Recently introduced bills in those two states would expand access to treatments not currently approved by the Food and Drug Administration (FDA). Both states have right-to-try laws that allow terminally ill patients access to experimental procedures and treatments not yet approved by the FDA.
House Bill 805, filed by Texas Rep. Tan Parker (R-Flower Mound) on January 24, would expand the state’s right to try law to permit patients with severe chronic diseases to use drugs, biological products, and devices not yet granted FDA approval. Like terminally ill patients, “patients who are batting a severe chronic disease that is debilitating or causes severe pain do not have the luxury of waiting until an investigational drug, biological product, or device receives final approval from the United States Food and Drug Administration,” the bill states.
In North Carolina, a bipartisan coalition of four sponsors and ten cosponsors introduced House Bill 934 on April 16. In addition to expanding right to try to patients with serious chronic illnesses, the bill would allow patients to access stem cell treatments not yet approved by the FDA. On May 2, the North Carolina House unanimously passed the bill and moved it to the Senate for consideration.
Moral, Medical Justifications
A sponsor of the North Carolina bill, Rep. Hugh Blackwell (R-Raleigh), says right to try laws are both morally and medically justified.
“It simply seems somewhat heartless to deny a potentially saving treatment while that treatment undergoes further testing to determine its effectiveness or safety,” said Blackwell. “In the case of those the initial legislation sought to benefit, if an experimental treatment is ineffective or unsafe, they seem hardly able to be worse off,” said Blackwell.
States Drive Change
The federal Right to Try law went into effect on May 30, 2018, and states continue to advance legislation to help suffering patients by extending right to try beyond the federal law. Blackwell recognizes that our system of government allows states, subject to the constraints of the Constitution, “to experiment governmentally in areas not exclusively the province of the federal government.”
“In this instance, thus, North Carolina can express its views in an area that affects the wellbeing of its citizens, perhaps encouraging the federal government to move forward in similar fashion at its level,” said Blackwell. “This appears to be what happened with the recently passed federal tight to try legislation, passed after many states had already taken similar action.”

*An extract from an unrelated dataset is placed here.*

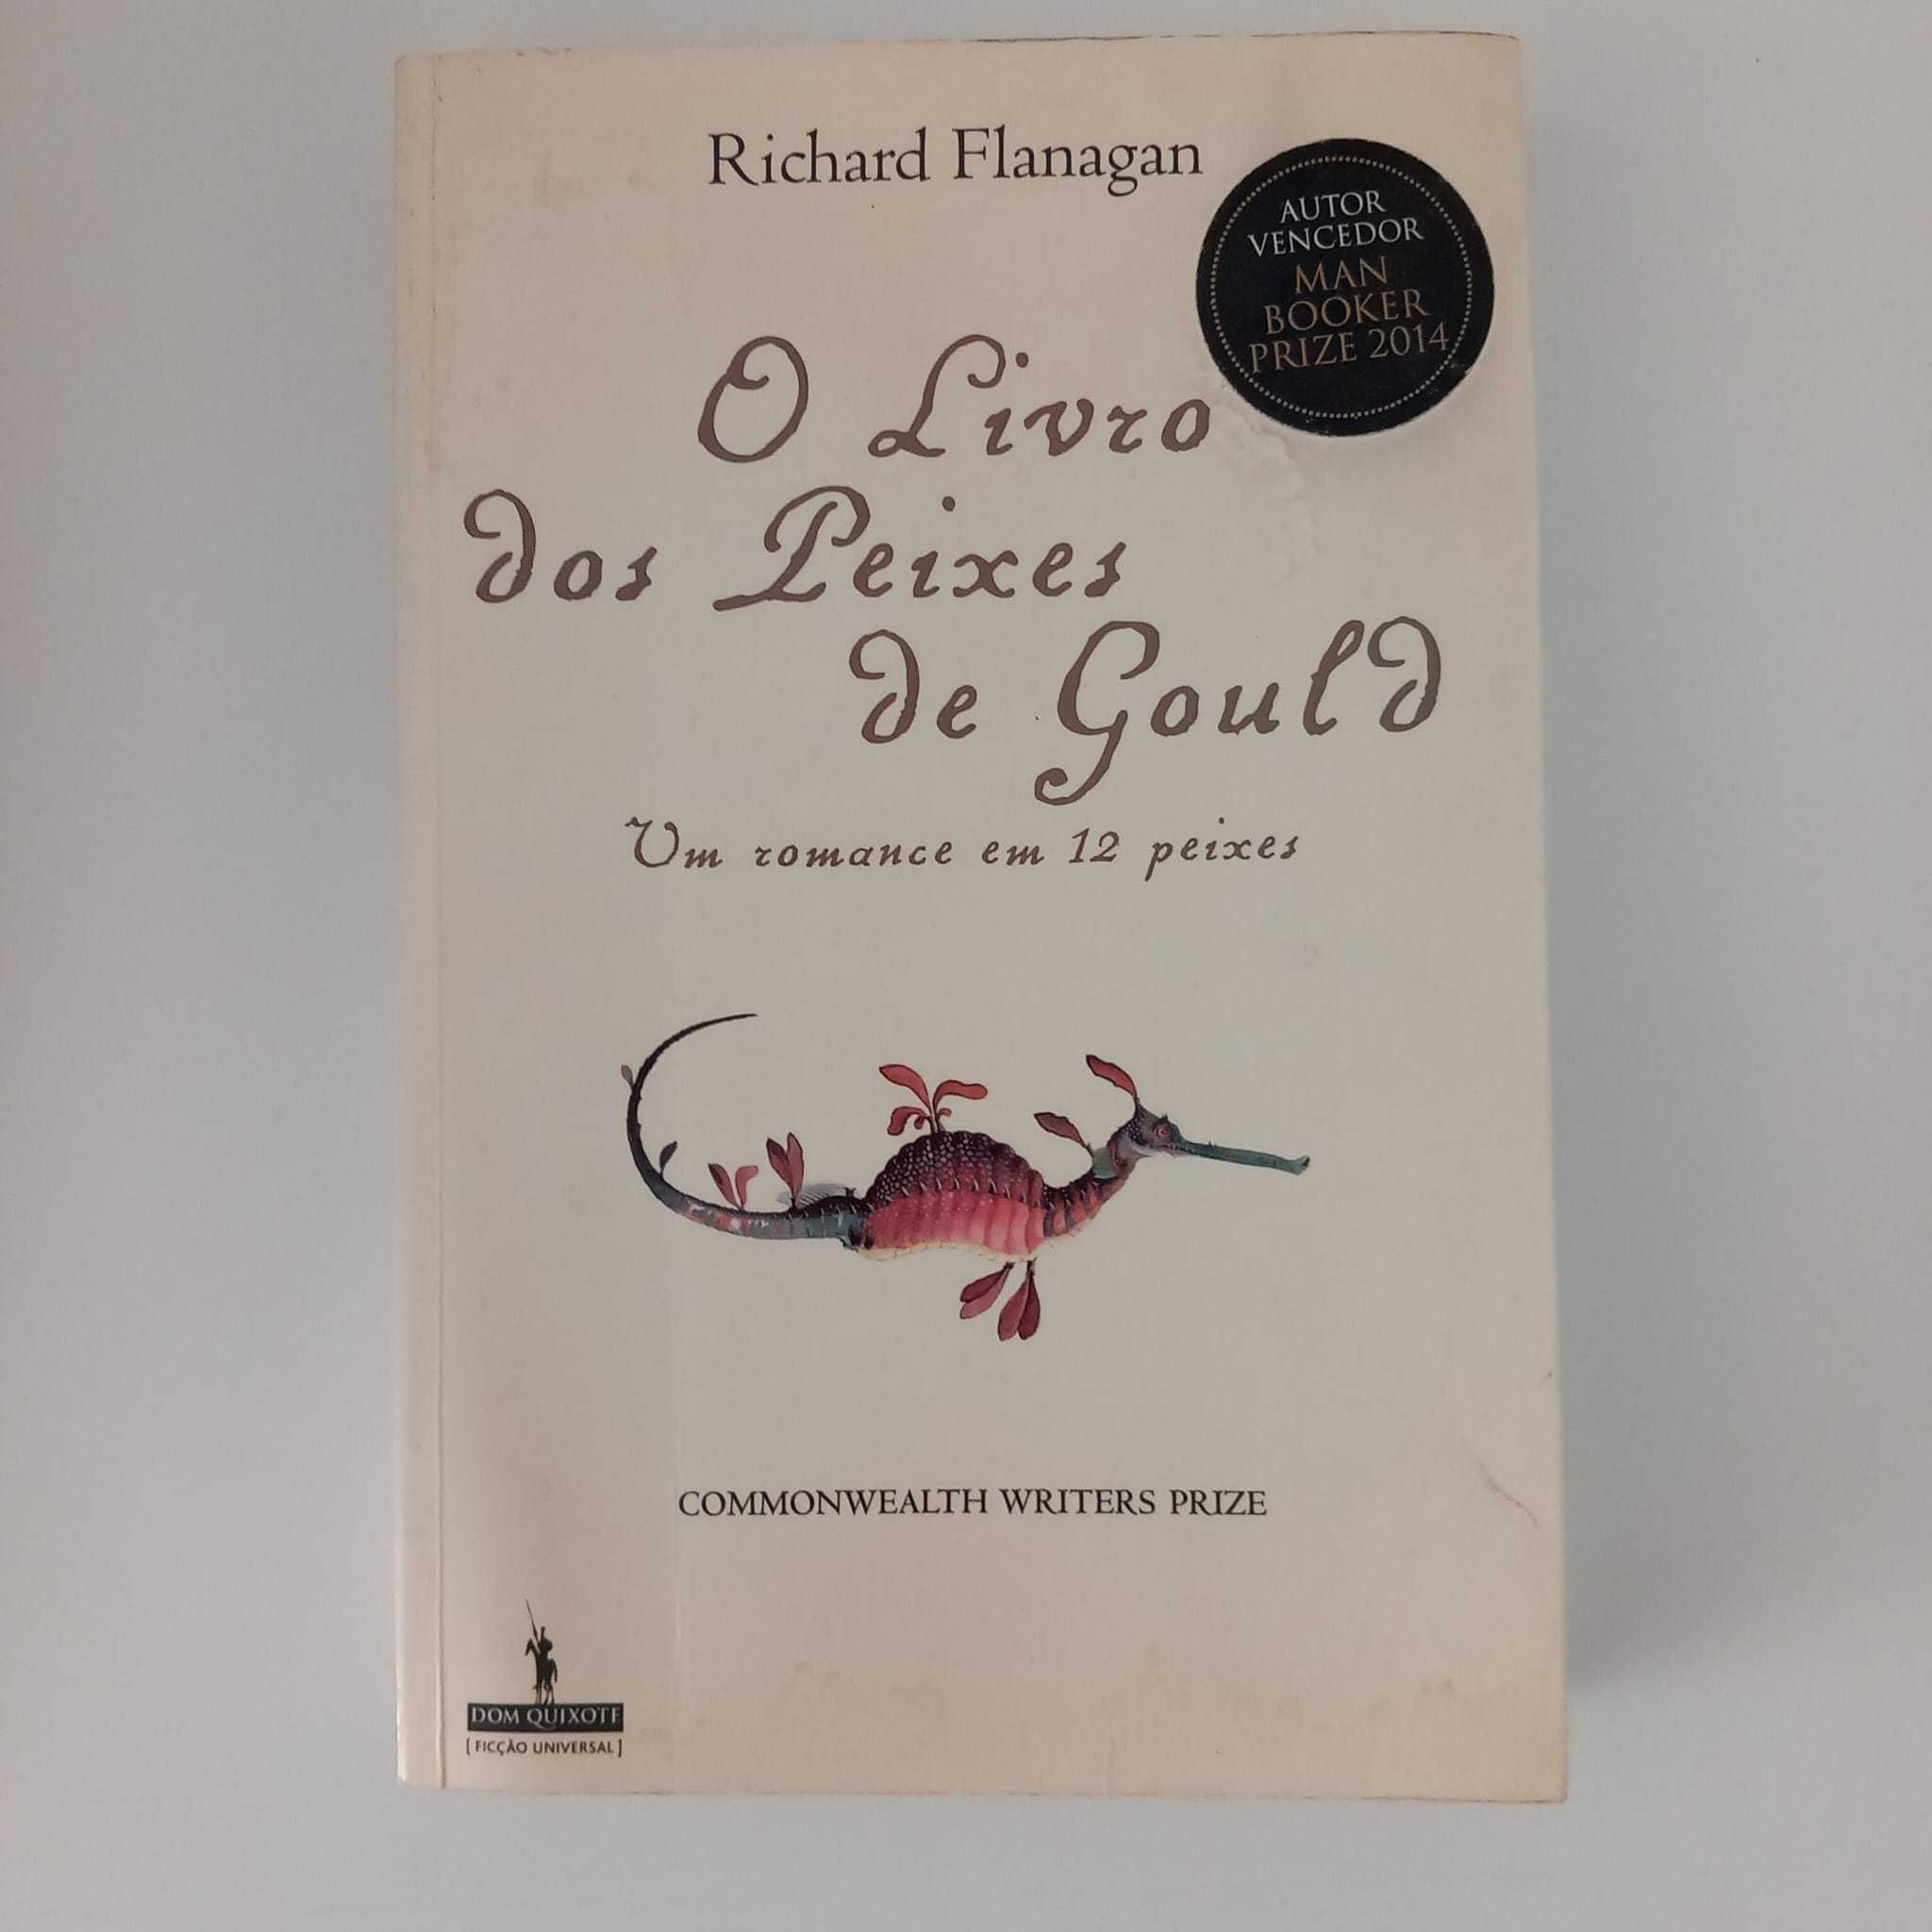 O Livro dos Peixes de Gould de Richard Flanagan 3,5€

Christina Herrin, campaign manager for Free to Choose Medicine, an initiative of The Heartland Institute, which publishes Health Care News, says North Carolina is moving in a positive direction to broaden the scope of the current right to try law, though the federal government stands in the way of needed reforms.

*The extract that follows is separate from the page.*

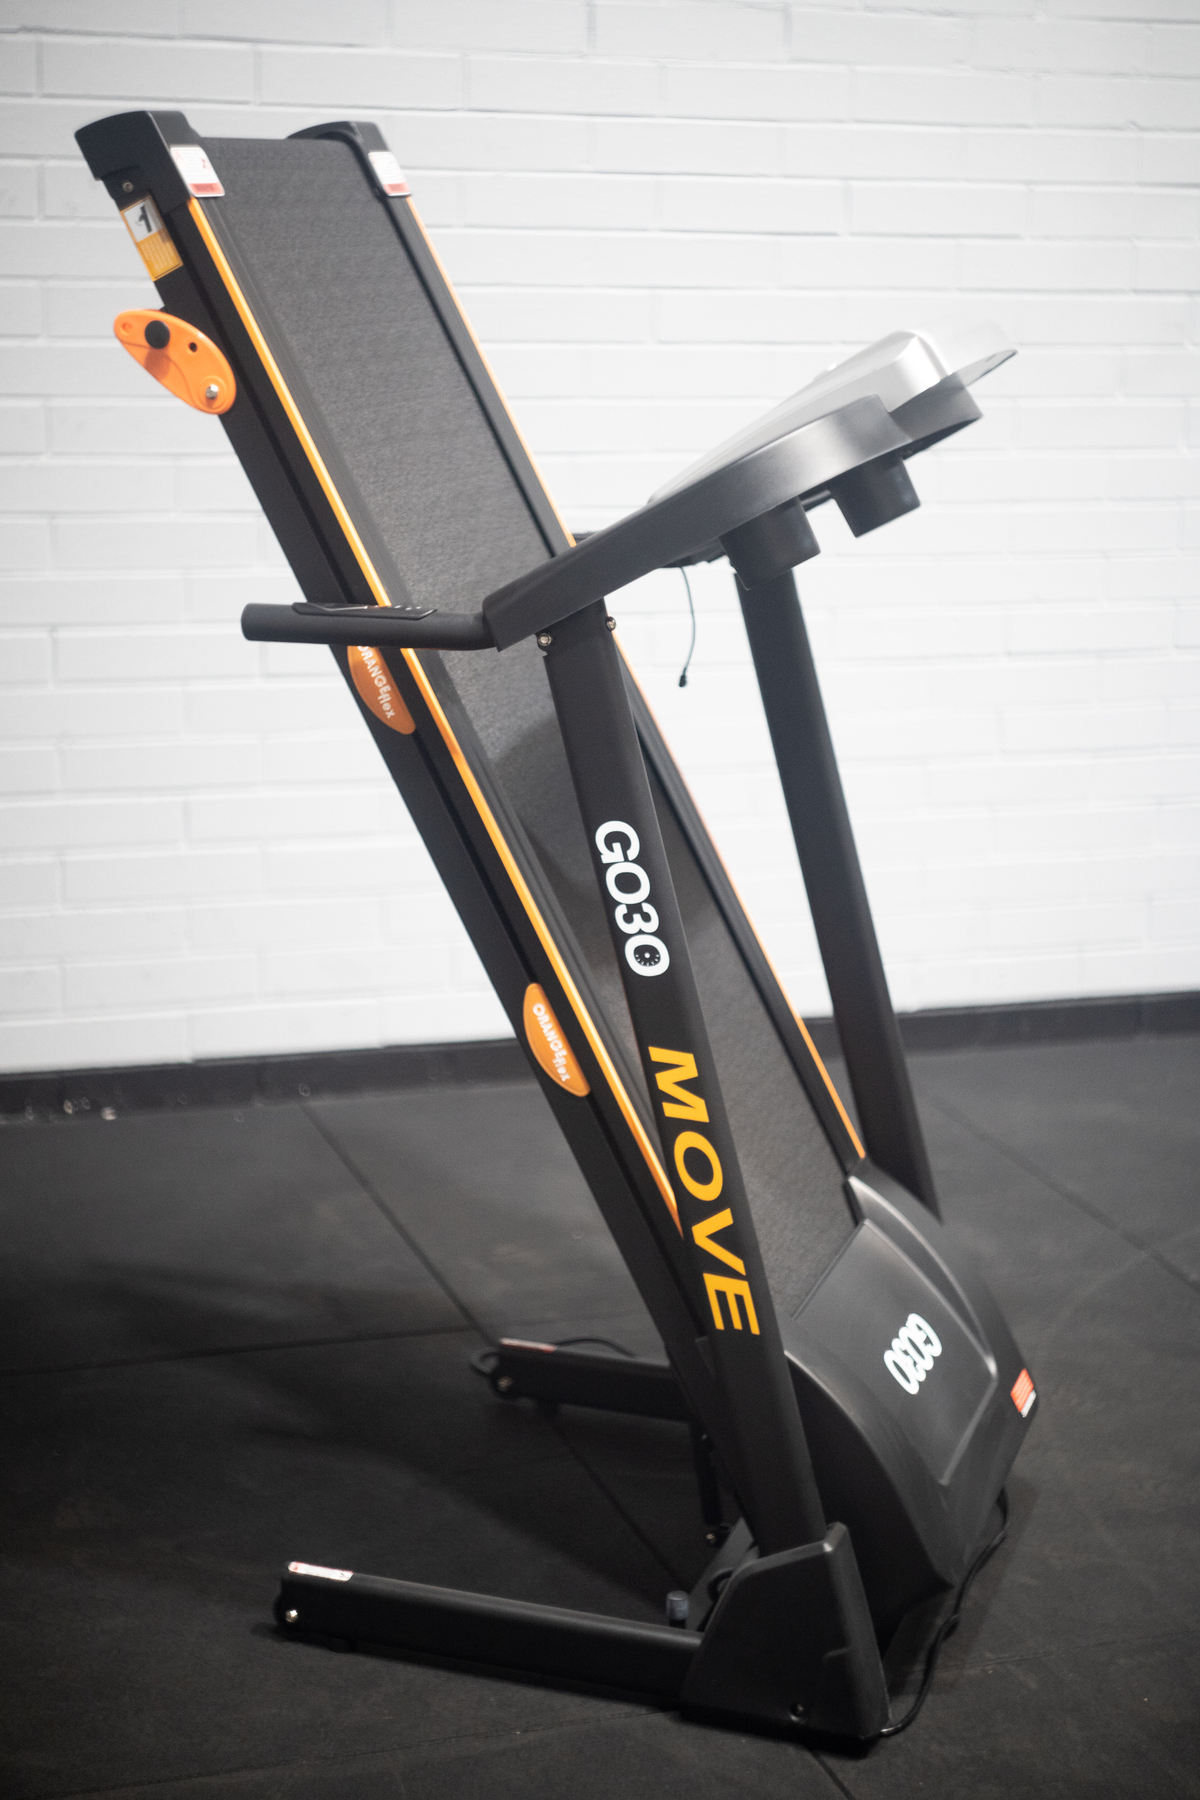 GO30 Compact Treadmill MOVE-100

“Casting a larger net will allow more patients access to potentially lifesaving treatment,” said Herrin. “But it still doesn’t address the root of the problem: the antiquated drug approval process. It still takes 12 years and 2.9 billion dollars to get a drug from lab to market. Too many patients are waiting and dying while the FDA bureaucracy churns,” said Herrin.
In Texas, H.B. 804 explicitly recognizes the problems with the onerous FDA approval process, with the bill stating “the standards of the United States Food and Drug Administration for the use of investigational drugs, biological products, and devices may deny the benefits of potentially life-altering treatment to patients with a severe chronic disease.”
Building a Parallel Track
Herrin says the FDA should implement an enhanced “parallel track” to augment the FDA approval process.
“Parallel track was used in the ’80s to create access to lifesaving treatment for more than 12,000 AIDS patients who would have otherwise died,” said Herrin. “We need to expand parallel track to include more diseases and more patients. Patients who may not have 12 years to wait for drug approval will get quicker access to cutting-edge drugs, and their experience with the drugs would supplement the standard clinical process.”
Blackwell says the proposed reforms would give terminally ill patients and those with a serious chronic illness the power to choose treatments without government interference.
“Moreover, in those circumstances, allowing a patient to make the choice seems not only reasonable but an appropriate occasion for personal choice, once made known of possible side effects and consequences, both known and unknown, by medical providers,” said Blackwell.
Kelsey E. Hackem ([email protected])writes from Washington.